Nurses Association of Botswana emphasizes the importance of counseling in facilitating the grieving process by being there; by nonjudgmentally listening and assuring the clients that they are not going crazy; and that the acute pain they are experiencing is grief in process and the state will not last forever. Grieving process experienced in care giving can temporarily be disabling and working through it by counseling ultimately brings strength. Counseling, therefore, is a very important input especially in this era of AIDS. The caregivers and their clients need to be empowered both psychologically and psychosocially. Counseling helps to make a caregiver come into grips with the reality of the problem situation and make one feel s/he is not going crazy, instills hope and confidence, make one free to seek support, and share with others with the result of reducing the psychological and emotional burden.[6,7,21]
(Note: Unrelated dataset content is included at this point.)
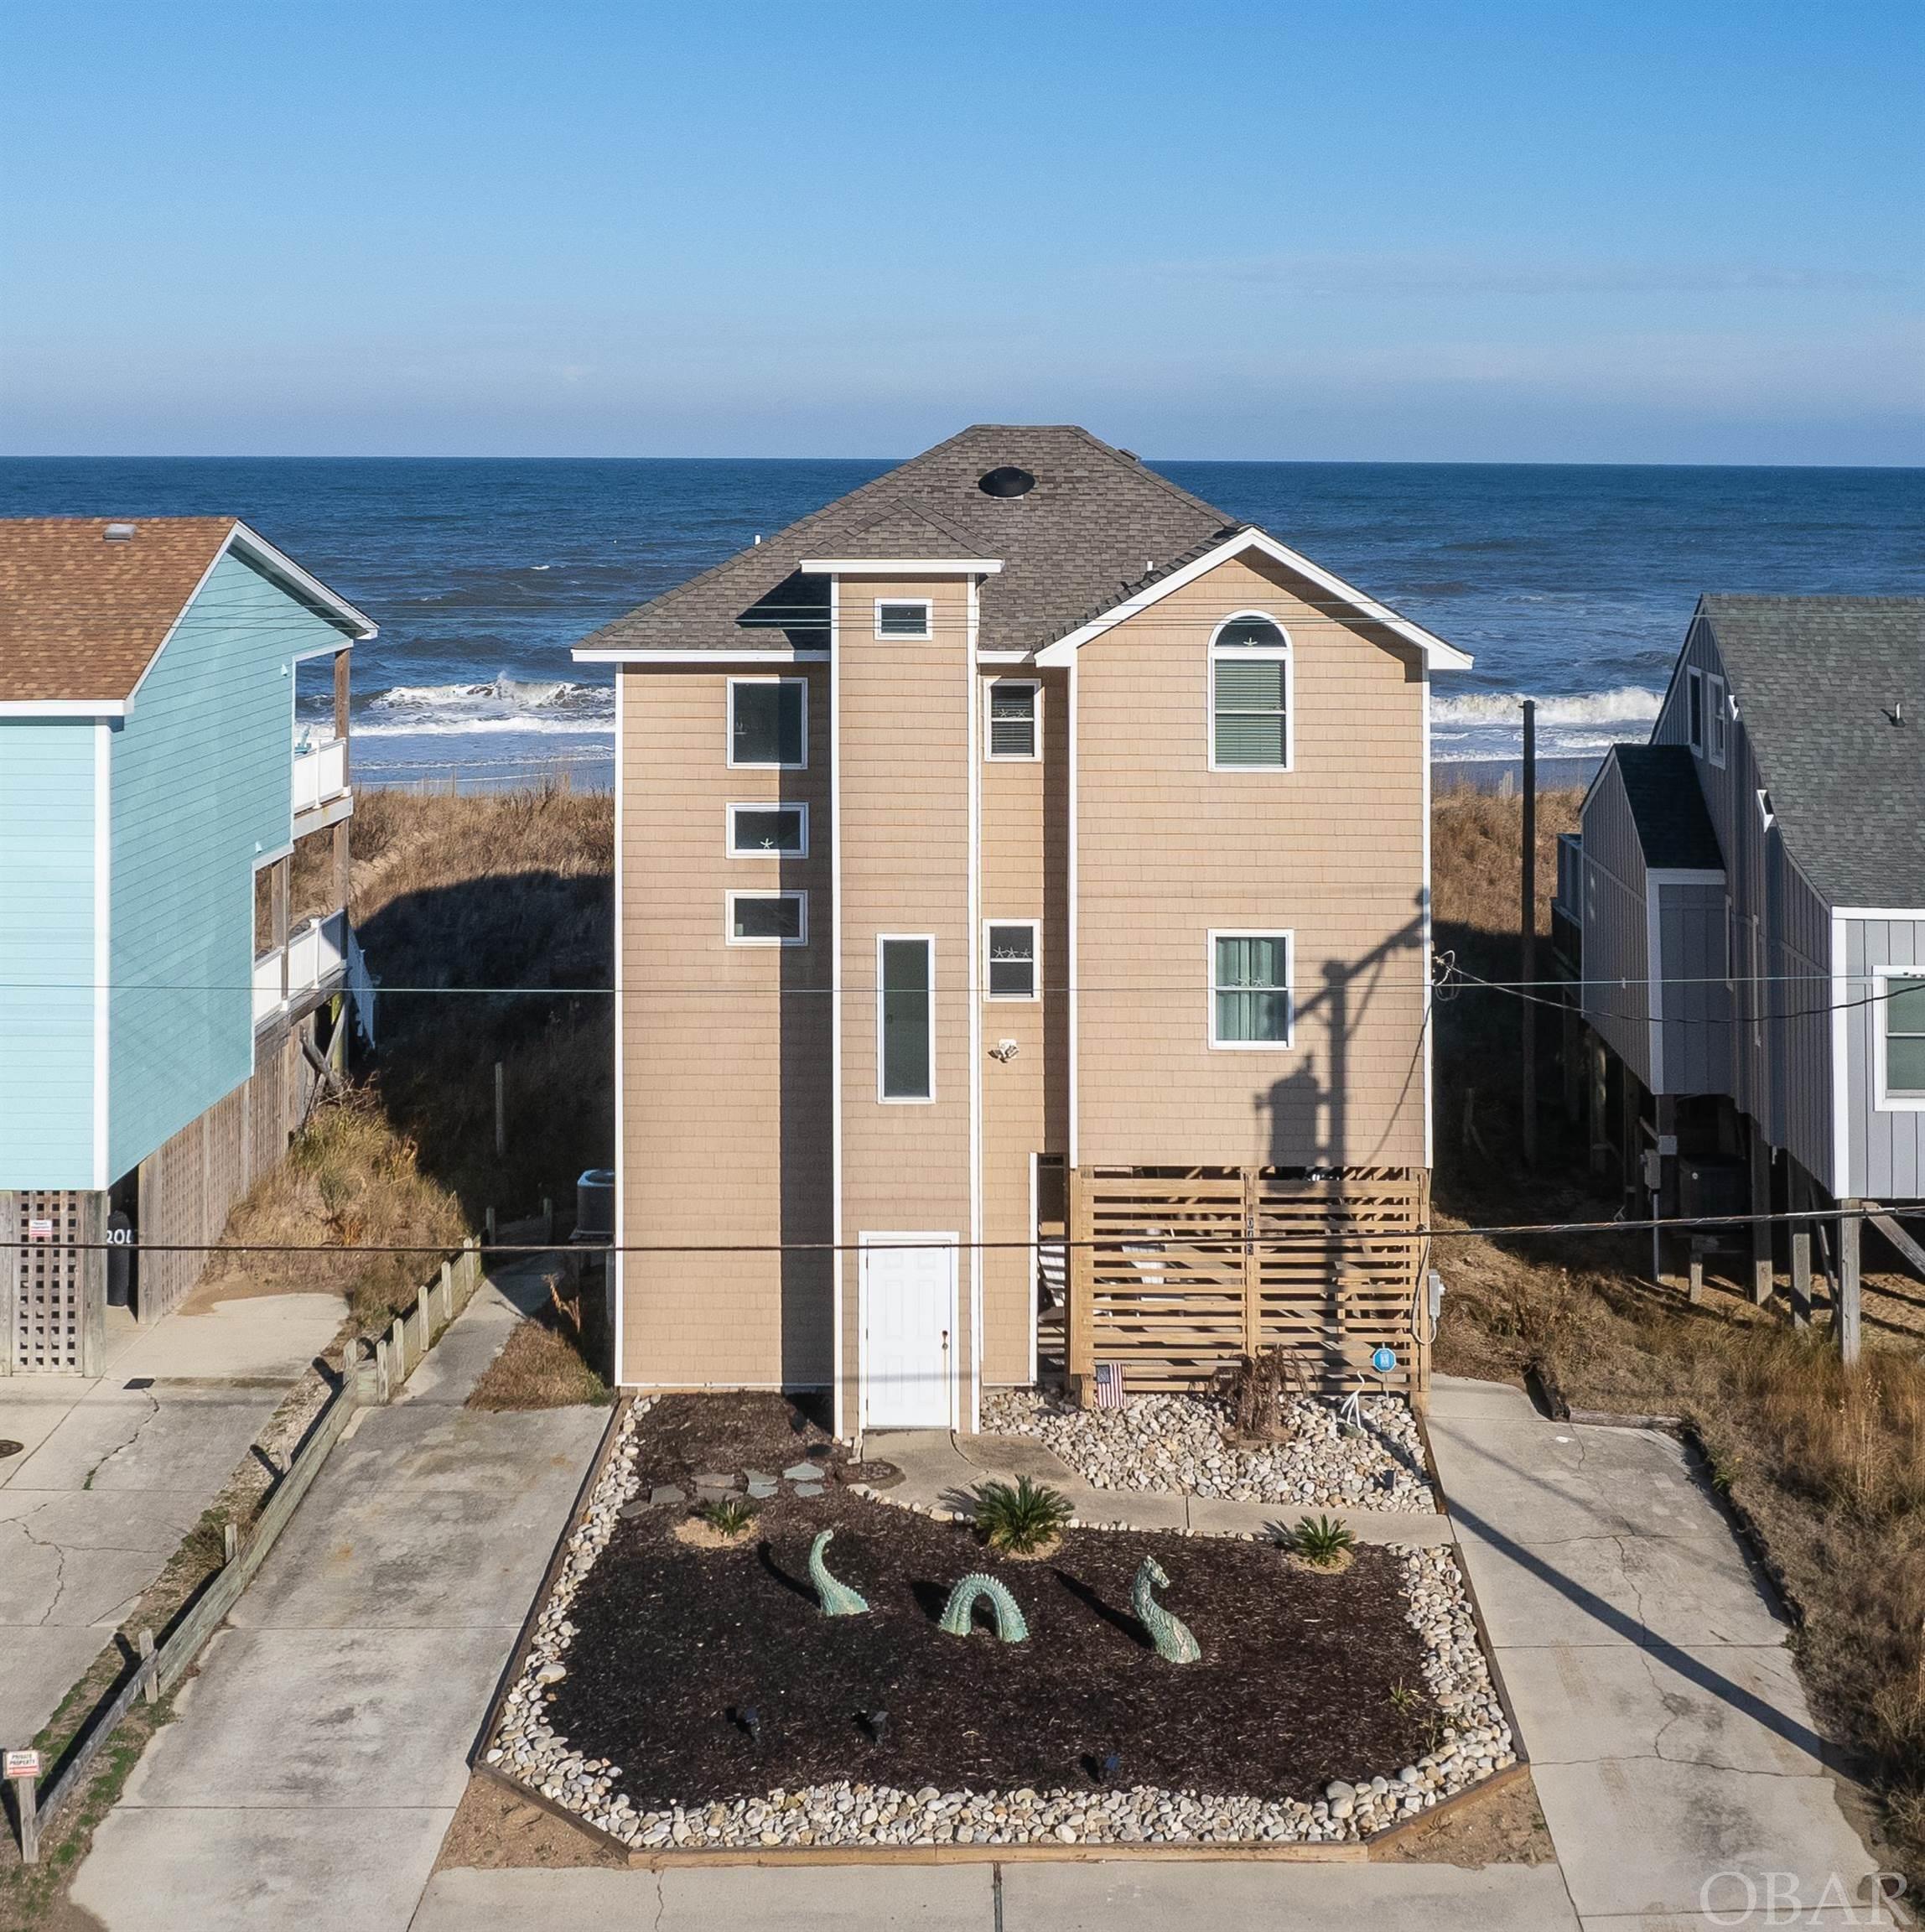 This beautifully updated, 3 bedroom oceanfront home has 2 additional bonus rooms with closets and is nestled in a vegetative beach dune in the heart of Kill Devil Hills. Located just south of the Avalon Fishing Pier, you are steps to shopping, dining and festive night life.  Bask in the oceanfront, oversized sun deck or cross boardwalk over dune onto the beach where you can surf, swim or fish in your backyard. Exquisite 2021 kitchen caters to your inner gourmet chef with luxurious appliances by Wolf. Prepare fresh seafood in the convection steam oven, crisp veggies on gas cooktop or warm up dessert in built-in microwave drawer. LG Stainless steel refrigerator has bonus glass door on front for drinks and snacks.  Full overlay custom cabinetry by JEK features full extension, slow close, dovetail drawers, solid wood cabinet doors and a crisp shaker white finish. Much love and thought was poured into new luxury vinyl plank flooring, custom tile showers and bathroom floors, new vanities, faucets, interior doors, trim, paint, custom blinds and luxurious furnishings that capture the essence of elegant beach decor.  Ride elevator or take stairs to Top-level which boasts vaulted ceilings and copious ocean views. The en-suite bedroom has iridescent inlayed accent tile shower. Down the hall, there are two gracious bedrooms that share hall bath with custom tile shower.  Mid-level sits just above dune for gracious ocean views from kitchen, dry bar and living room.  Hall bathroom with custom tile shower passes through to oversized guest bedroom.  Ground level has game room with closet, bathroom with tub/shower and stacked washer and dryer.   Go straight from the beach to the unheated half bath near outdoor shower.  Ground level storage shed and storage box convey.   Tax records show 5 bedrooms and 4 baths.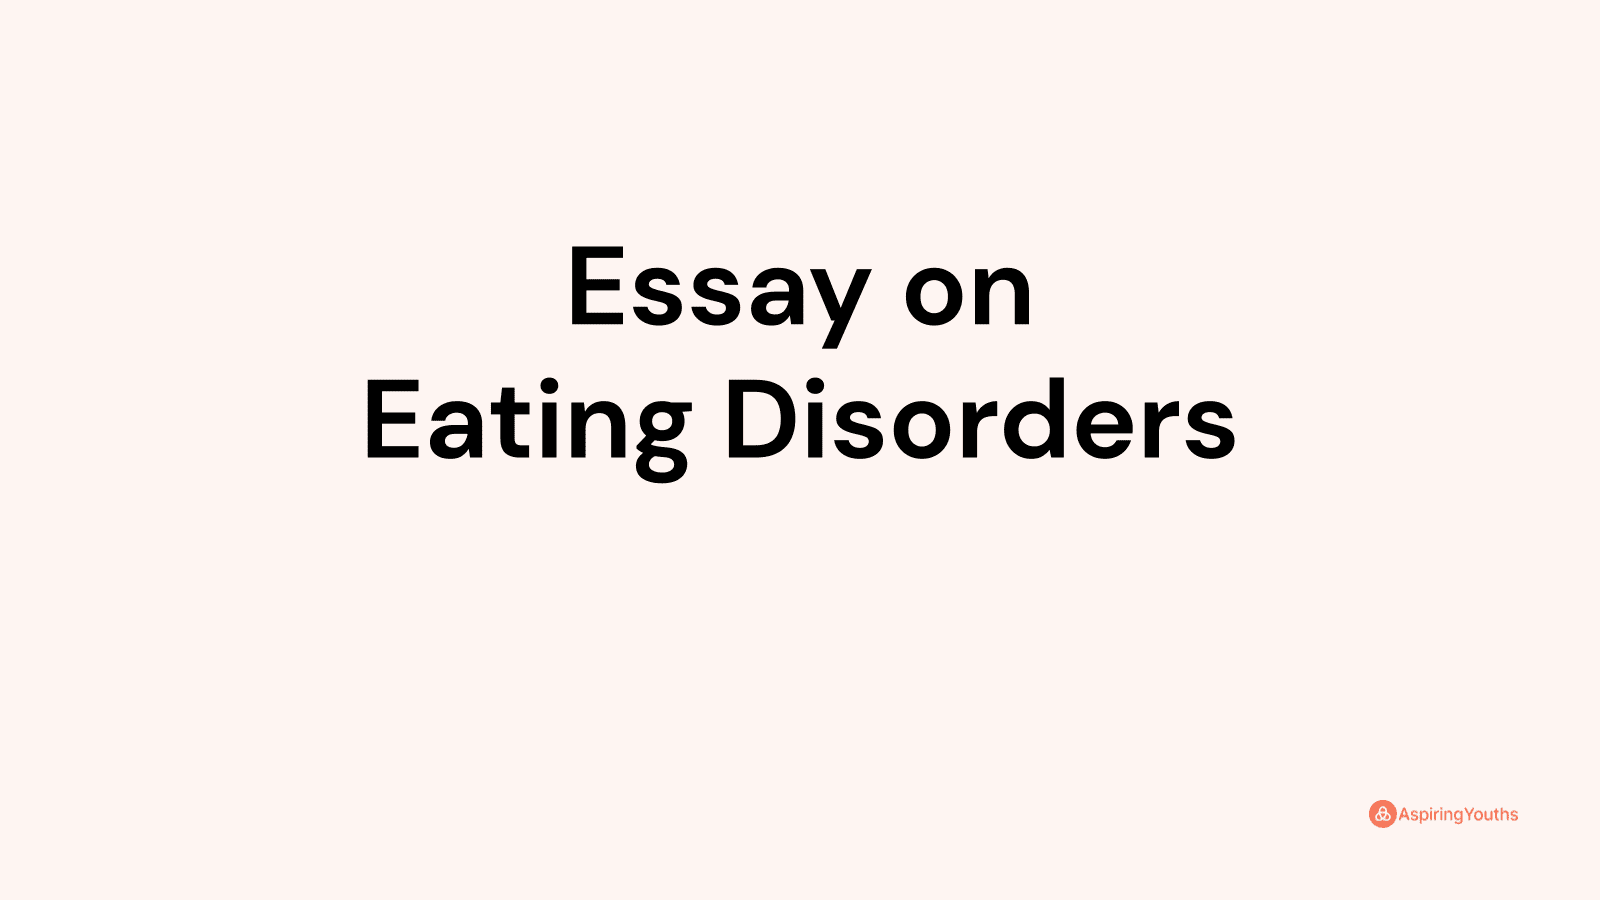 title for an eating disorder essay

The role of social workers in the care programs is to make counseling visits to the caregivers for psychological empowerment and assess their socioeconomic conditions for possible help intervention; facilitate the process of positive change of attitudes and norms relating to care giving among the caregivers; and therefore give way to increased care-giving productivity. The researcher, having been in the study area, understood the staffing problem the department of Social and Community development (S and CD) was experiencing, with social workers suffering from “overload burnout.”
The government and care managers need to go to the drawing board and look at the policy and operationalization of care programs. Immense goodwill is necessary to analyze all the challenges and put in place redressing strategies. Putting in place a mechanism of rewards, recognition, and incentives to raise the morale and motivation of the caregivers is especially critical.
Source of Support: Nil
Conflict of Interest: None declared.